They were expected at the turning point, the day after the presentation of the executive’s economic roadmap. Antoine Armand, Minister of Economy and Finance, and Laurent Saint-Martin, Minister responsible for Budget and Public Accounts, denied having presented an “austerity” budget for 2025, despite the massive spending cuts planned. Both were heard by the National Assembly’s finance committee on Friday morning.
Michel Barnier’s government detailed its budget proposal for next year on Thursday, explaining that it intends to find “60 billion euros” of savings, an unprecedented figure under the Fifth Republic, in financial laws (PLF) and in the financing of social security (PLFSS) which will be the subject of fierce debate in the National Assembly where it is in the minority.
“It will increase spending on Social Security as a whole”

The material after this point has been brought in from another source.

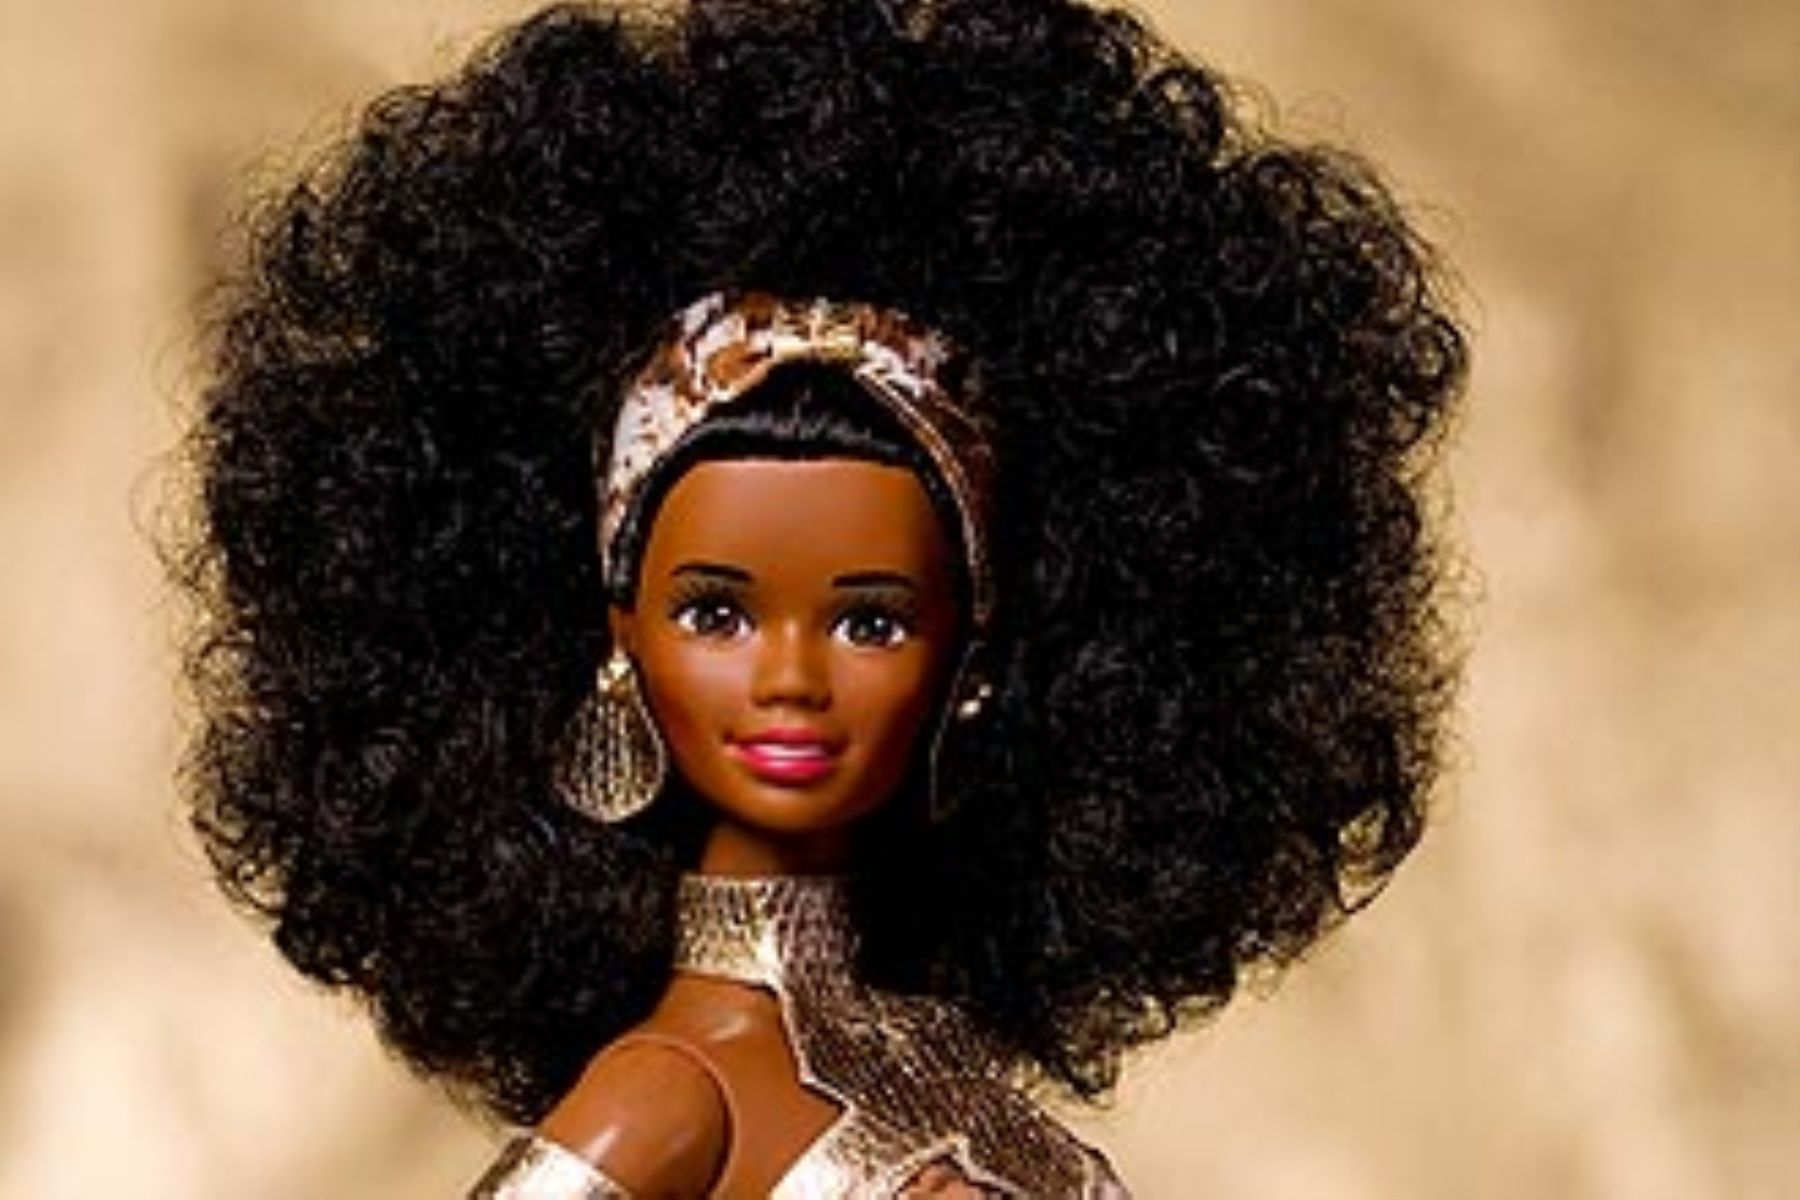 Barbie negra inspirada en la chica Bond Halle Berry forma parte de exhibición de barbies negras en Brasil.
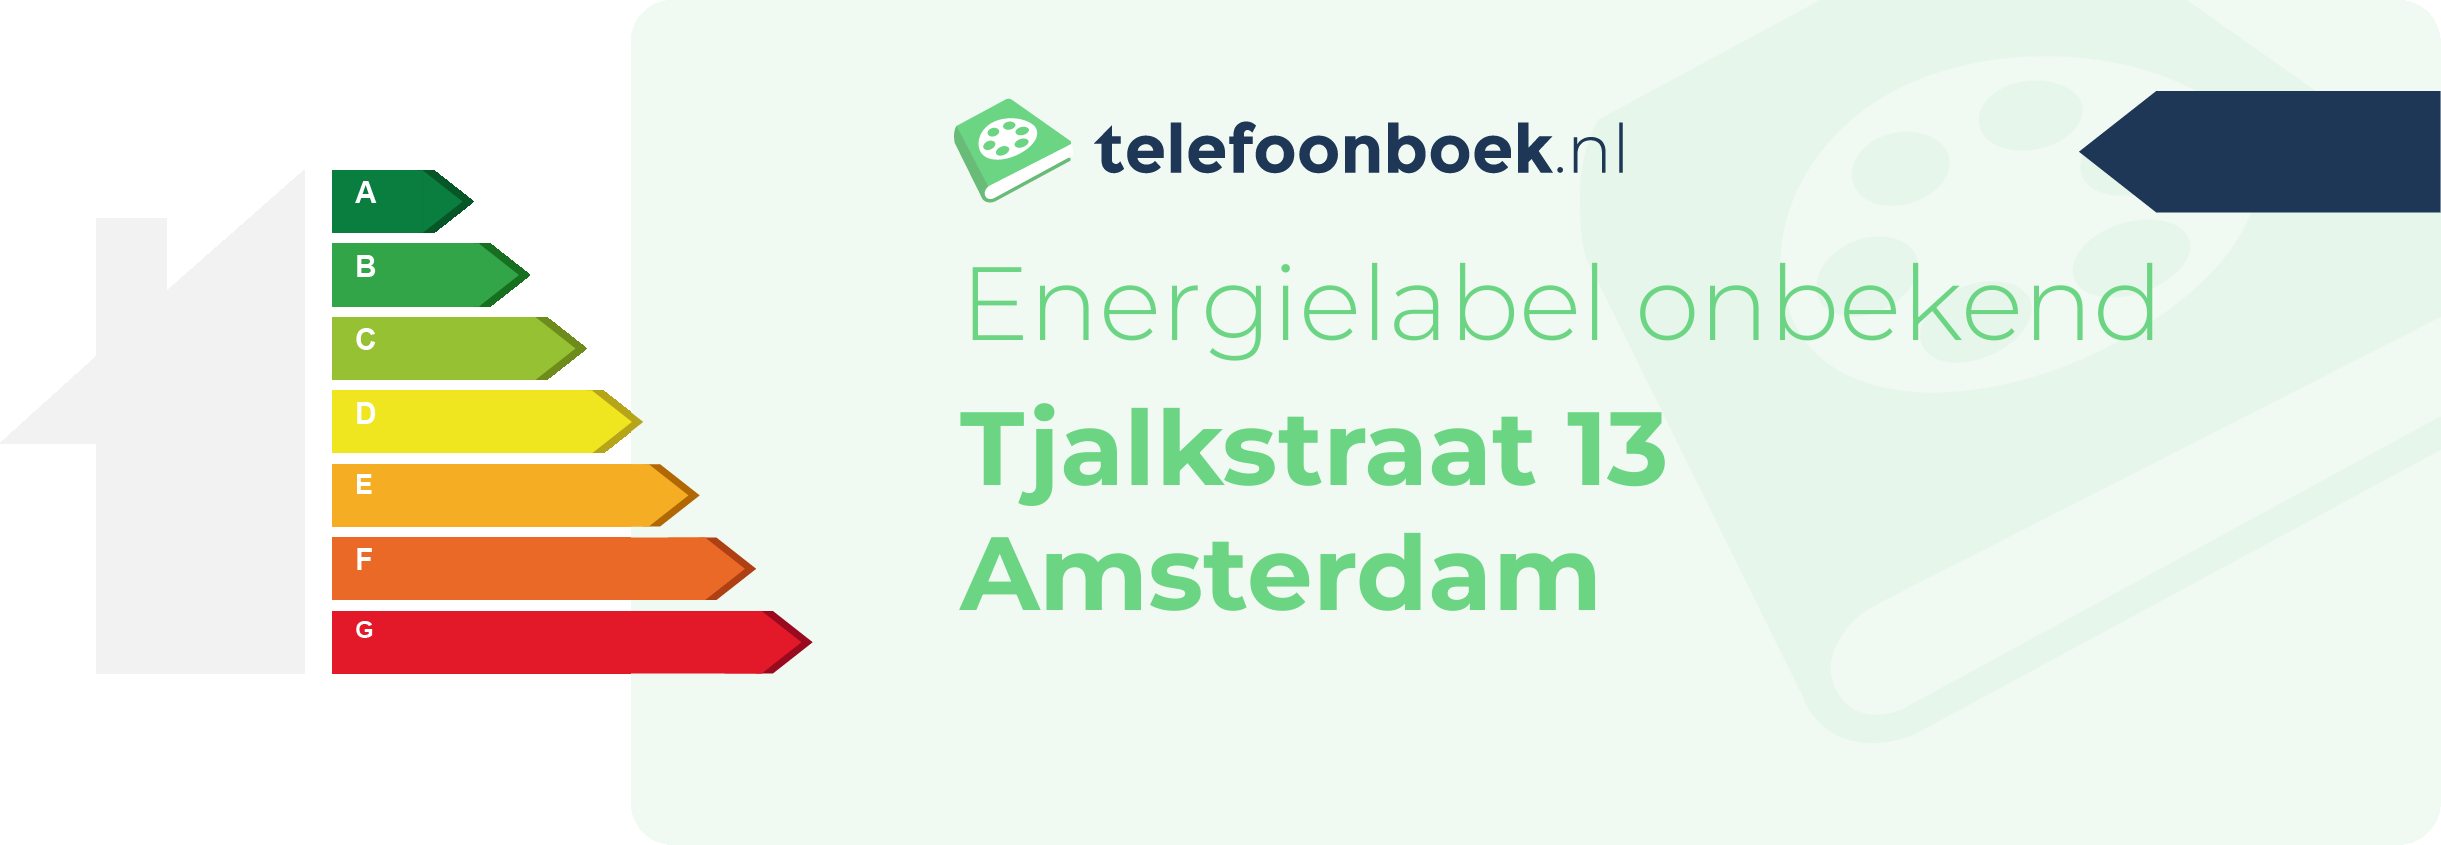 Energielabel Tjalkstraat 13 Amsterdam

“When we talk about austerity (…), I think we need to take a step back,” declared Antoine Armand in particular. Although spending cuts of 41.3 billion euros are planned in the PLF and PLFSS to restore public finances, spending will continue to grow next year, albeit at a slower pace, he stressed.
“The prime minister announced an early revaluation of the minimum wage to 2% starting from November 1” and “all benefits will be revalued” next year, but with a six-month postponement for pensions, Antoine Armand insisted . He also pointed out that the 2% increase in income tax brackets would allow nearly 530,000 families to remain outside the scope of this taxation.
“Expenditures for all social security, all branches together, will increase (…) in 2025”, also argued his colleague responsible for the budget. “This is not what austerity is,” he insisted.
These texts also foresee 19.3 billion euros in tax increases, bringing the total desired effort to 60.6 billion euros to reduce the public deficit to 5% of GDP, compared to 6.1% in 2024, with growth expected at 1.1% like this year.
Antoine Armand also believes that the Supreme Council of Public Finances (HCFP) was “a little overly critical” by judging the government’s forecasts to be “fragile” in an opinion published on Thursday.
The Budget Minister, Laurent Saint-Martin, for his part, warned deputies against “a somewhat Pavlovian reading” of the budget, which would suggest that “an increasing budget is positive; a decreasing budget is bad.” “Why must we systematically consider that a good ministerial budget is a systematically growing budget? Shouldn’t we have the discipline to deal with real needs and their developments? “, he asked.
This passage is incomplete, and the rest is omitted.